The English translation could be considered “Where are you these days?”. You could use it in the same way as “where have you been?” if you haven’t caught up with the person recently.

Greeting Friends Colloquially

Before we finish the article we wanted to leave you with some examples of useful words and phrases that are relationship specific.

यार (yaar)

“यार” (yaar) is a casual affectionate word for friend akin to “buddy.” It is genderless and very informal, don’t use it to address your elders or any authority figure.

Example:

चल यार, कुछ खाते हैं।

(caL yaar, kuch khaaTe hain.)

“Come on buddy, let’s eat something.”

दोस्त (DoST)

Similarly, you might want to use the word “दोस्त” (DoST) which is like “mate.”

और दोस्त , कैसे हो ?

(aur DoST, kaiSe ho?)

“Hey mate, how are you?”

Pet Names

If you are greeting someone you are in a relationship with then you might want something more flirtatious.

Unlike western countries, Indian people do not flirt outside of a proper relationship, they are more reserved, and certain behavior is expected culturally.

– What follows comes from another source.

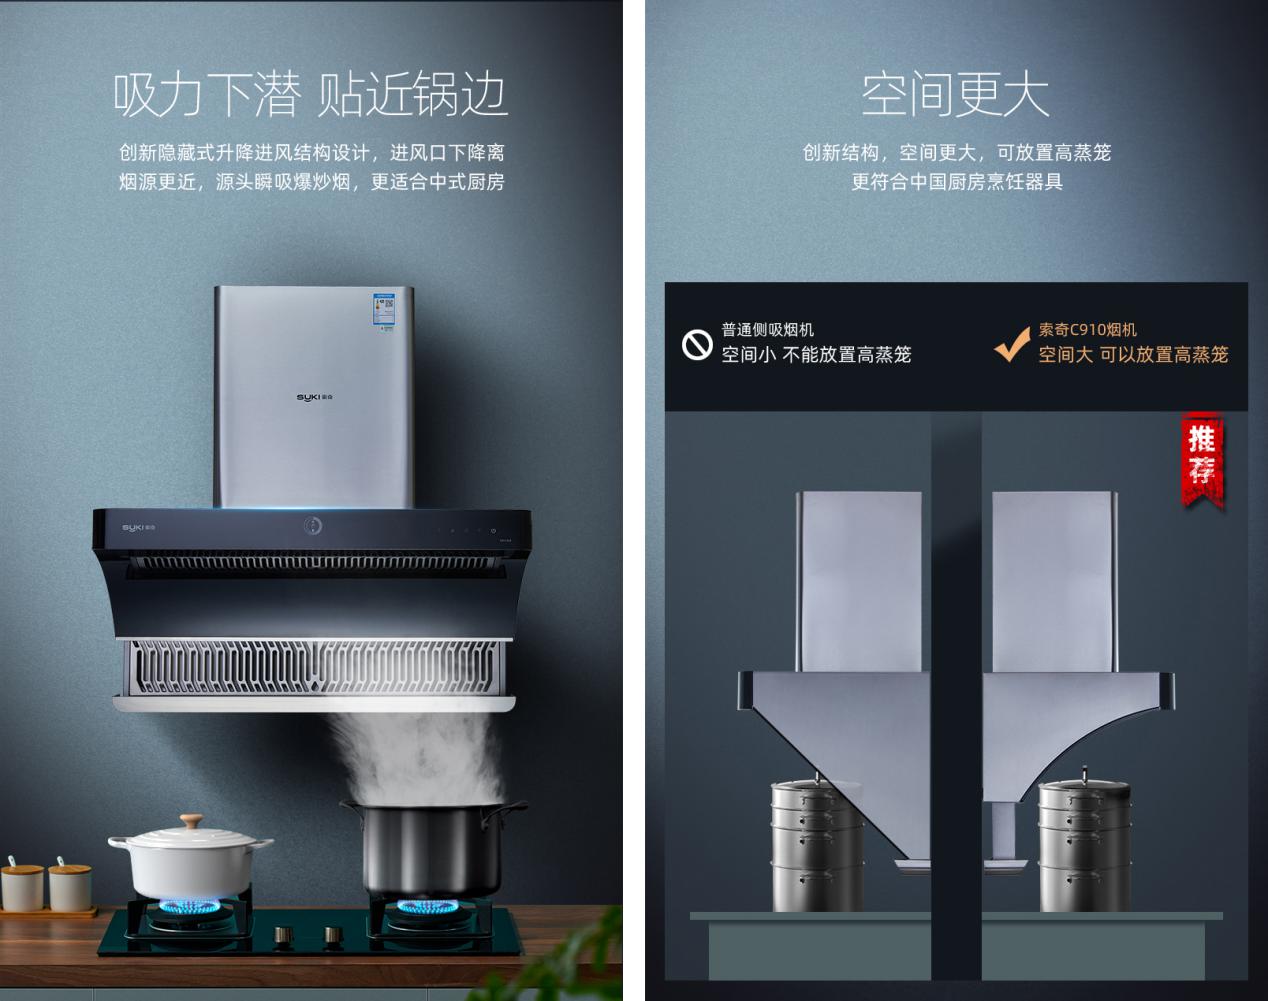 新中式厨房的新选择，索奇C910潜吸式油烟机与厨房融为一体！

The following phrases are for someone special, not for use with someone you have just met!

“ओ मेरे हीरो!” (o mere hero) is a phrase Hindi-speaking women might use when they address a handsome man.

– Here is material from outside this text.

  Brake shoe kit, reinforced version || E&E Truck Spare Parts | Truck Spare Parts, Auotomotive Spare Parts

As you can hear from the pronunciation, this one means “oh, my hero” but as there is no word for handsome in Hindi, it substitutes for “hello handsome”.

But what about when you’re dating someone? There are pet names for your loved one in every language, and Hindi is no exception.

For guys looking to woo a woman you might want to say “शोना” (soNaa) or “मेरी प्यारी” (merii pyaarii) to say “Hello, my sweet”or you could हसीना (haSiiNaa) to say “Hello, beautiful girl”.

Whichever you choose, keep it discreet. Indian culture is conservative publicly. These innocent pet names are vulgar to use publicly.

Hello in Hindi – Final Thoughts

So, now you know exactly how to say “hello” in Hindi however formal a situation you find yourself in.

We are confident with the phrases we have explored you will have come away with a few new ways to confidently greet a Hindi Speaker.

Being a multilingual land with diverse religious practices, you have plenty of alternatives to choose from. 

Regardless of which you choose, we hope that today you have come away with a good idea of when and where to use each example.